Fort St. Louis
Overlooking Marigot Bay on the leeward side of the island sits the imposing figure of Fort St. Louis, the largest historical monument in St.Martin. Named for the famous crusading king of France, it was originally built in 1767 to protect the settlement at Marigot from foreign invaders. The plans were sent over directly from Versailles at the order of the ill-fated French king, Louis XVI. Following the events of 1789, the fort was temporarily occupied by the Dutch to prevent the further spread of revolutionary democracy which had reached the island from Guadeloupe. Now, it no longer serves its former purpose, but the steep climb up to the summit provides a panoramic view of the island and the sea surrounding it, and the effort is well rewarded. The area is open 24/7 and there are signs explaining historical events.
The Marigot Market
On Wednesdays and Saturdays mornings, an open-air market is set up along the wharves on the Blvd. de France, offering a colorful array of homegrown produce, tropical fruits and spices, and freshly caught fish. It is a perfect opportunity for mingling, people watching, and just sampling the food. Across from the market are the “Lolo’s”, featuring arts, crafts and local restaurants.
St.-Martin Museum, “On The Trail Of The Arawaks”
At the southern end of Marigot, next to the Marina Port la Royale, is a museum dedicated to preserving St.Martin’s history and culture. A new building houses a variety of pre-Colombian treasures unearthed by the Hope Estate Archaeological Society. Among these are a reproduction of the 1,500 year old burial mound that was only discovered in 1994, artifacts dating back as far as 1800 BC, and some beautifully adorned ceramics from around 550 BC. A colonial exhibit details the history of the plantation and slavery period, and early 20th Century photographs provide glimpses into the island’s modern development. It is open daily free of charge. Open from 9 am to 4 pm entrance fee is € 5.00 (Tel: 0590 29-48-36)
The capital city of Marigot is perhaps the most French in spirit of all the cities in the Caribbean. Colonial houses stand beside smart cafés and bistros, pastry shops and luxury boutiques, and in many ways it looks just like any of the French market towns you might expect to find on the Continent. A shopping center newly built at the foot of Fort St. Louis, with luxurious boutiques such as Chanel, Lacoste. At the southern end of town down by the harbor is the Marina Port la Royale, elegant stores with the latest in European designer fashions and fine jewelry, all free of tax. The entire city is only four streets wide, so it is very easy to get around.
The sweeping curve of the beach at Grand Case near the northern tip of the island shelters a little fishing village that is famous not only for its fine foods but also for its distinctive style of architecture. Elaborate carvings and fretwork, in what is called a gingerbread style, adorn the fronts of the small wooden houses painted in pastel colors, and the effect is truly charming. Some of the island’s best restaurants also happen to be located in this area, including local dishes at barbecue stands called Lolo’s and souvenir shops.

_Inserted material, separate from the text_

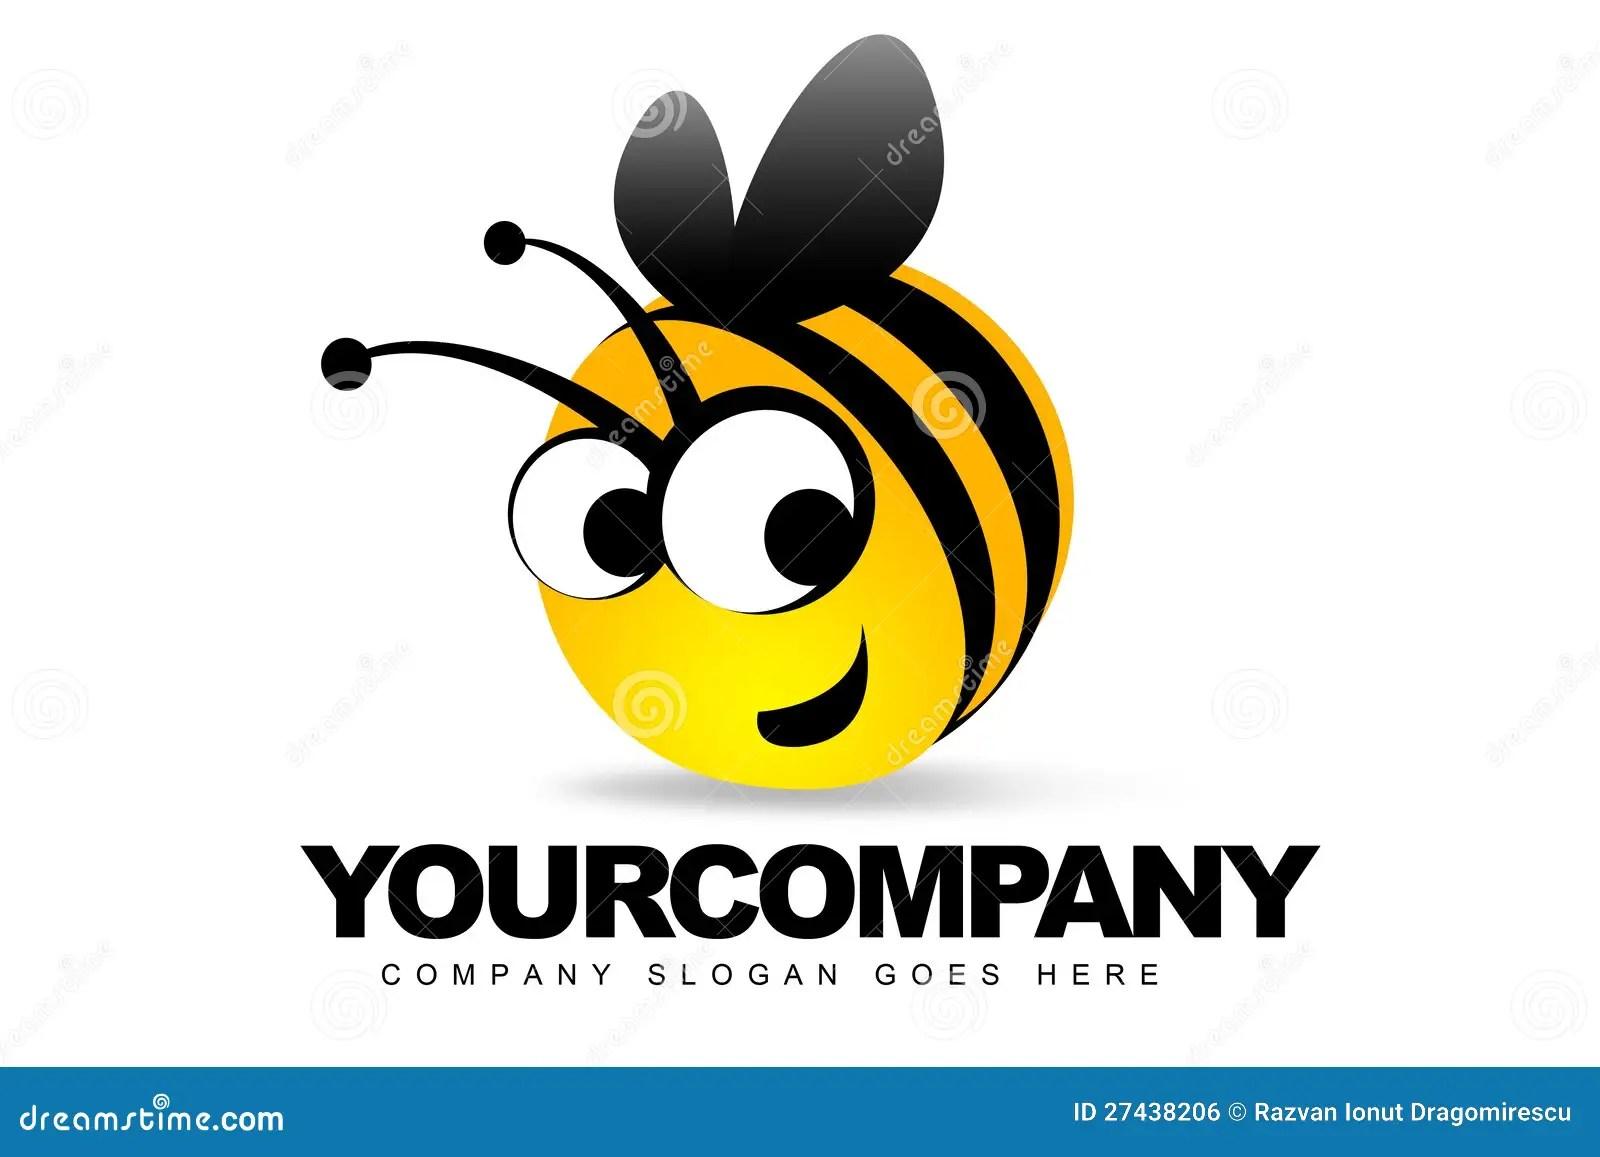 Cute Cartoon Angel Wallpaper Smiling Bee Logo Royalty Free Stock Image Image 27438206

Do not miss the Tuesday night festivities during high season on the Blfd de Grand-Case.
Halfway between Marigot and Grand Case lies the picturesque setting of Colombier, a sumptuous green valley lush with tropical vegetation and sinking gently between rolling green hills. It is one of the most beautiful and most peaceful spots in St. Martin, perfect for private walks and quiet relaxation. There is also a newly opened watermelon plantation, where the fruit is used to prepare liqueur, deserts and other treats.

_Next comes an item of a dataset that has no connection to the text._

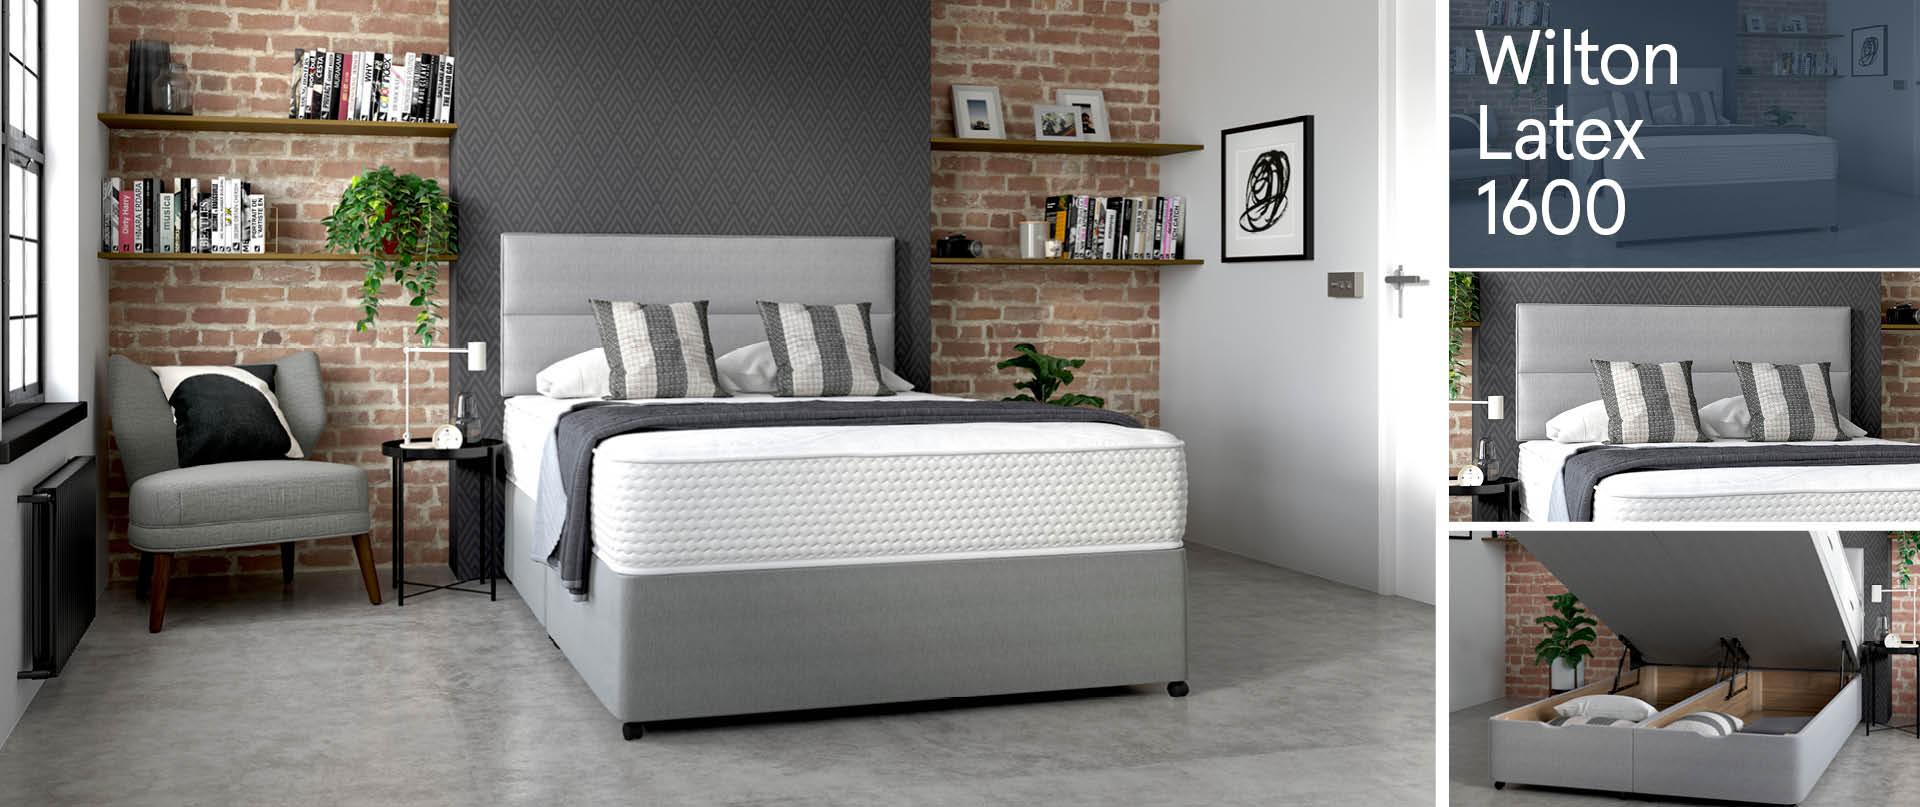 Wilton Latex 1600 Ottoman Beds Ranges

Rising from the center of St. Martin at a height of 1,400 feet stands Pic Paradis, the highest point on the whole island. Climbing to the top, where there are two observation decks, provides a spectacular view of the scenery and the tropical forest below. You can also try the FLYZONE (Tel. 0590-87-86-16)
Atop this mountain, located right on the border between St. Martin and St. Maarten, the original treaty dividing the island in two was signed by the French and Dutch. There are also the ruins of the old sugar plantation “La Sucrerie”.
The French word for Lowlands, are located at the westernmost end of the island beyond the Simpson Bay Lagoon. They are home to some of the most exclusive villas on the island and feature two of St. Martin’s prettiest beaches at Plum Bay, Baie Rouge and Baie Longue, the location of the 5-star La Samanna Hotel.
Butter Fly Farm
At the Butter Fly Farm you can walk amongst the rare and exotic butterflies, from around the world flying freely in the tropical paradise, with music, flowers and fresh waterfalls.
Visiting Hours: 9am to 3pm
Entrance fee: 10 US dollars or 10 Euro + return ticket, kids pay half price
Tel: 0590 87 31 21
Orleans, The French Quarter
The quiet little fishing village of Orleans, also called the French Quarter, is located on the eastern side of the island just north of the border with St.Maarten. It was the original settlement of the French in St.Martin and some of the original seventeenth-century structures are still preserved here. This part of the island has not been developed extensively, so much of the old atmosphere has remained unspoiled. There are only a few residences here today, together with a few small shops.